The data is 104 weeks of simulated weekly leads driven by two channels, with a known data-generating process:
leads(t) = 400
+ 30 * adstock(direct_mail_actual)(t) # DM is the STRONGER channel
+ 25 * digital_spend(t)
+ 0.35 * leads(t-1) # organic carry-over
+ noise
Direct mail also has a genuine behavioral response lag (adstock): a drop’s effect is spread over the following few weeks, not concentrated in one. This matters because it is the thing a rolling-average “fix” can legitimately address — and it lets the project separate two different timing problems (see below).
All read the same CSV. None can see the true (drop-date) DM spend; they get the billed series.

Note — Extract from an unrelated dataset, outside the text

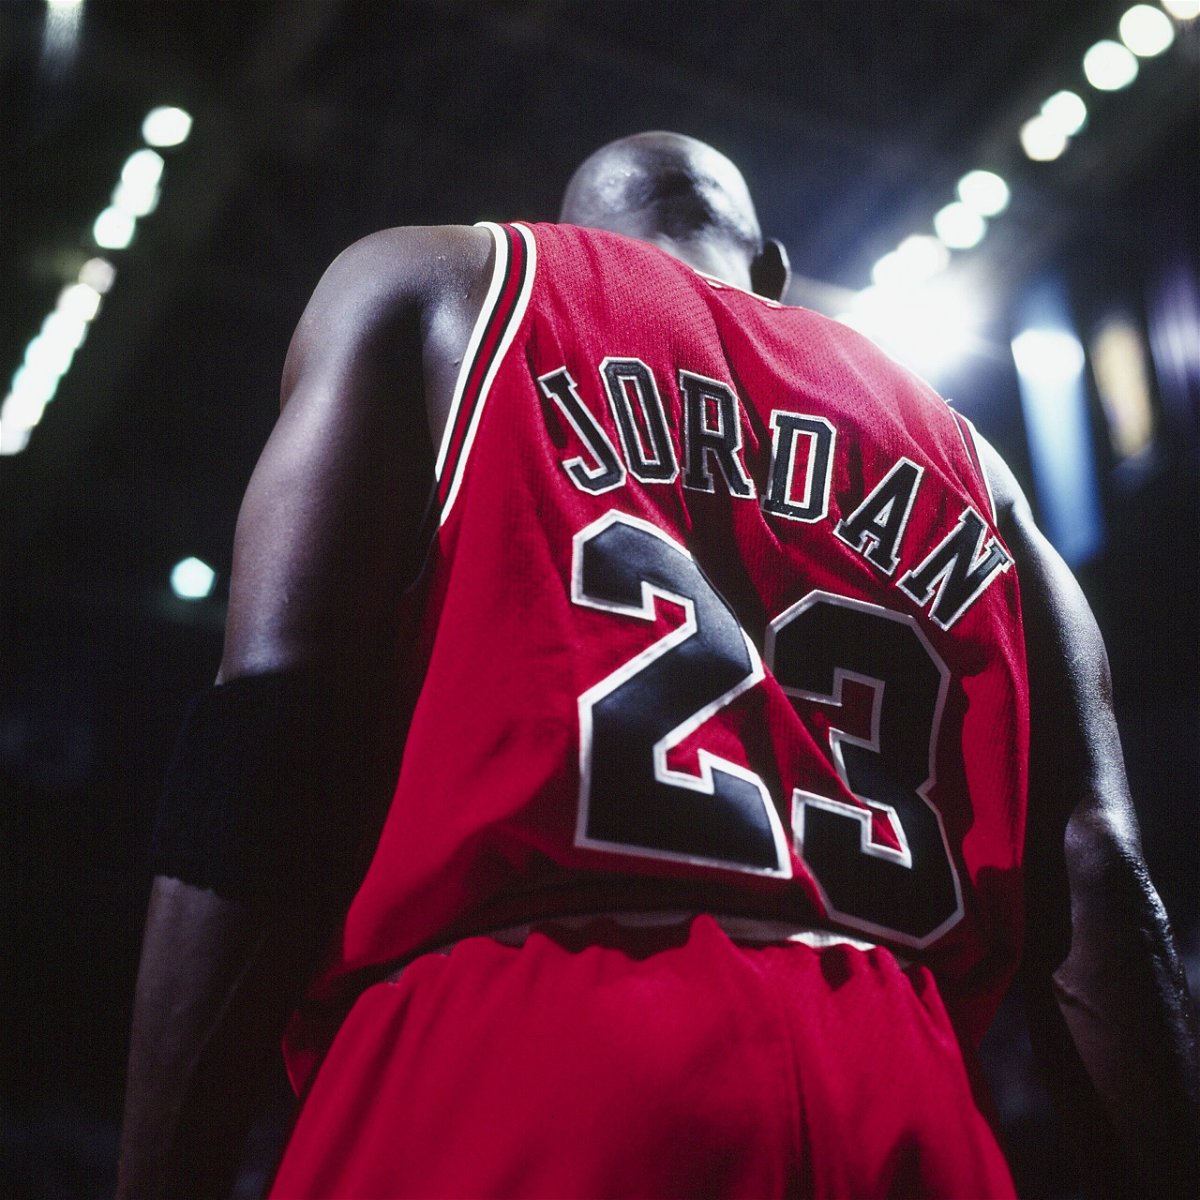 <i>John W. McDonough/Sports Illustrated/Getty Images</i><br/>Michael Jordan of the Chicago Bulls is pictured during the 1998 NBA Finals in Salt Lake City.
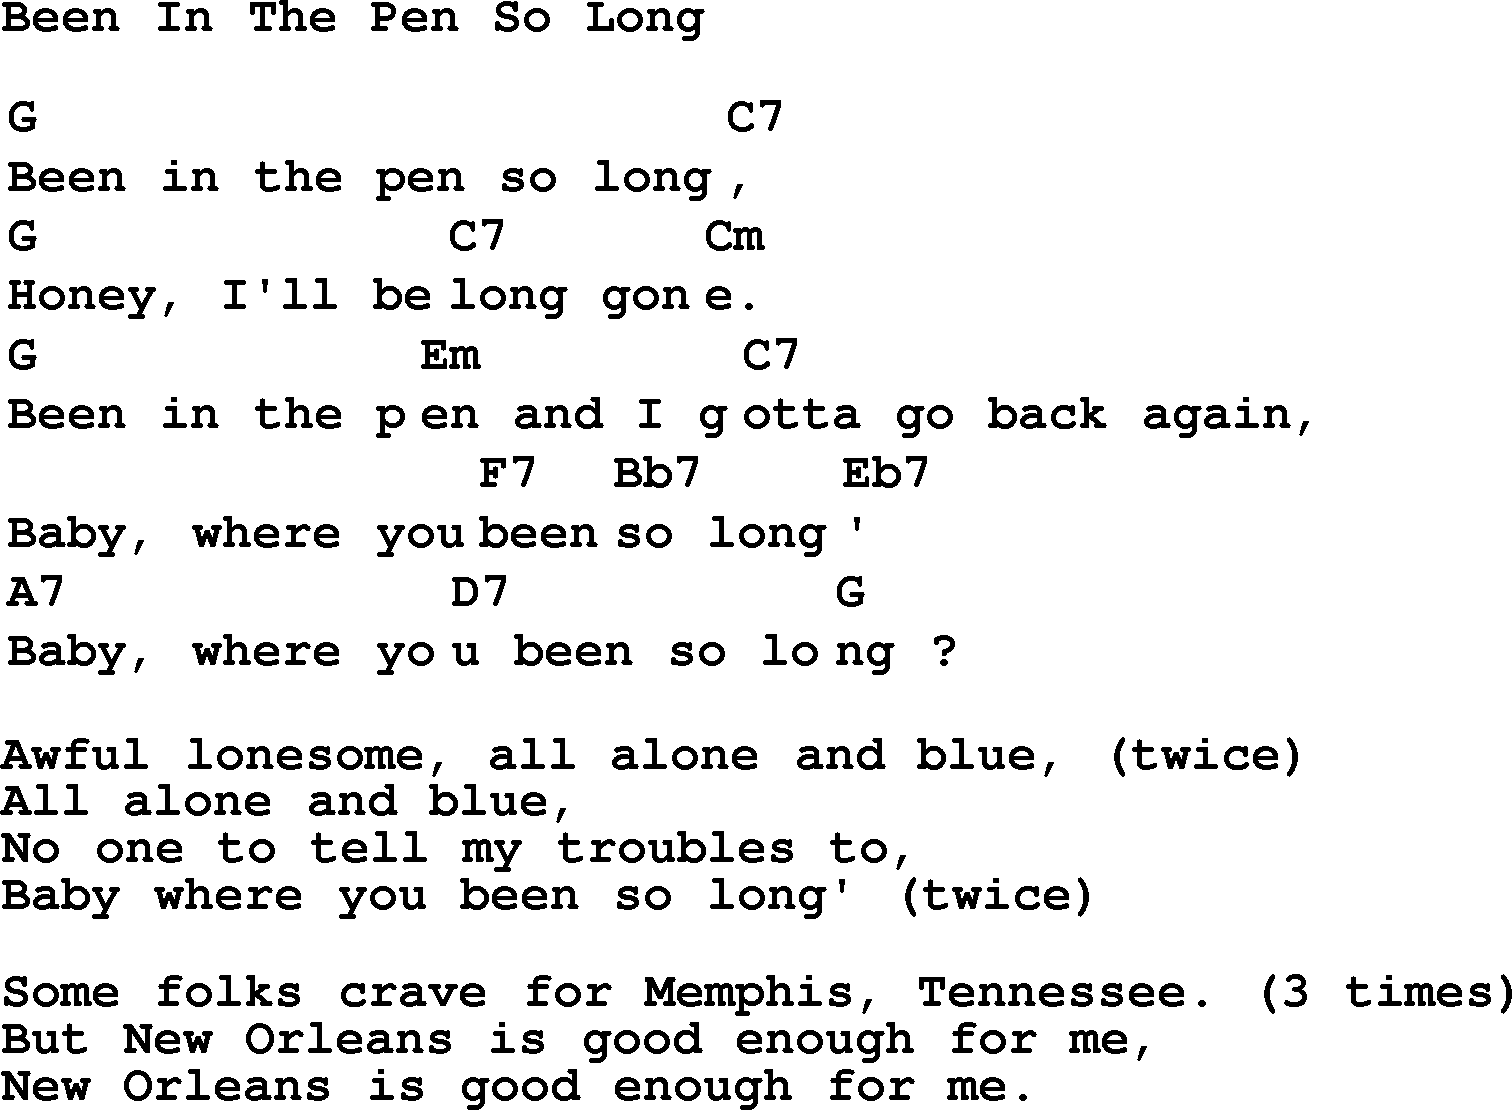 Top 1000 Most Popular Folk and Old-time Songs: Been In The Pen So Long, lyrics and chords

| Model | What it is | In-sample R² | MAPE |
|---|---|---|---|
| 1 | ARIMA(2,0,0), leads only — momentum baseline, no spend | 0.37 | 12.5% |
| 2 | OLS on 4-week rolling-avg billed DM + digital | 0.28 | 15.3% |
| 3 | ARIMAX(2,0,0): AR(2) + rolling DM + digital | 0.42 | 12.1% |
| 4 | Full MMM: adstock + Hill saturation + Fourier seasonality + ridge, decay tuned by 5-fold CV | 0.46 | 13.0% |
Model 4 is deliberately the strongest, most defensible model in the lineup — the one a skeptic can’t dismiss with “but you didn’t even do X.” It has the best fit of the four. It is also the one whose budget advice is most confidently wrong.
Predicted vs. actual leads across the four models. Click to enlarge.
True impact is DM = 30 leads/$1K, digital = 25. The models, reading billed DM, recover something very different:
| Direct mail | Digital | |
|---|---|---|
| True | 30 | 25 |
| Model 2 | −1.9 | 56.8 |
| Model 3 | −1.4 | 40.1 |
| Model 4 (effective) | ~0.8 | ~2.4 |
Every model puts direct mail at or below zero and distorts the channels in ways that make DM look like the weaker bet. The billing shift moves the DM signal away from the leads it caused, the AR and adstock terms absorb what structure remains, and digital — cleanly timed — gets credited for the rest.
True vs. estimated coefficients with 95% confidence intervals. Click to enlarge.
shift_analysis.py makes the cost concrete for a single 10-week window (weeks 51–60), moving $20K out of direct mail and into digital (~$2K/week against a ~$5K/week baseline in each channel). Total budget is unchanged.
| Leads over the 10-week window | Value | vs. actual |
|---|---|---|
| Actual, no shift (reality) | 10,755 | — |
| Model predicts the shift yields | ~12,200 | +1,450 |
| True outcome of the shift (DGP) | 10,682 | −73 |
The model promises a large gain from a move that, in truth, slightly reduces leads. It gets the direction wrong and is wildly overconfident about the size. Because the two channels are genuinely close in value (30 vs 25), the real cost is small — the headline isn’t “catastrophe,” it’s “the model can’t even tell you the sign, and sells the move as a big win.”
Model 4’s predicted impact of the budget shift versus the true outcome. Click to enlarge.
Model 4 tunes its adstock decay by 5-fold cross-validation. The CV quietly waves a red flag: it pushes the decay to the top of the grid and lands at a mean CV R² of roughly zero — i.e. the spend variables don’t generalize out of sample. CV reduces variance; it cannot fix bias, and the billing shift is pure bias, identical across every fold. A careful analyst would notice the near-zero CV R². Many would ship the model anyway because the in-sample fit looks great.
Data generation (generate_data.py): builds the data-generating process and writes mmm_data.csv, including hidden ground-truth columns (true DM spend, adstock, billing lag) that a real analyst would not have. Seeded with np.random.default_rng(42), so every figure and number reproduces exactly.
Estimation (estimate_and_plot.py): fits Models 1–4 and produces the fit-comparison and Model-4 impact figures.
Diagnostics (plot_coefficients.py, plot_explainer.py): the true-vs-estimated coefficient chart and the non-technical billing-timing and rolling-average smearing explainers.
Consequence (shift_analysis.py): the grounded $20K / 10-week budget-shift analysis with before/after spend and predicted-vs-true leads.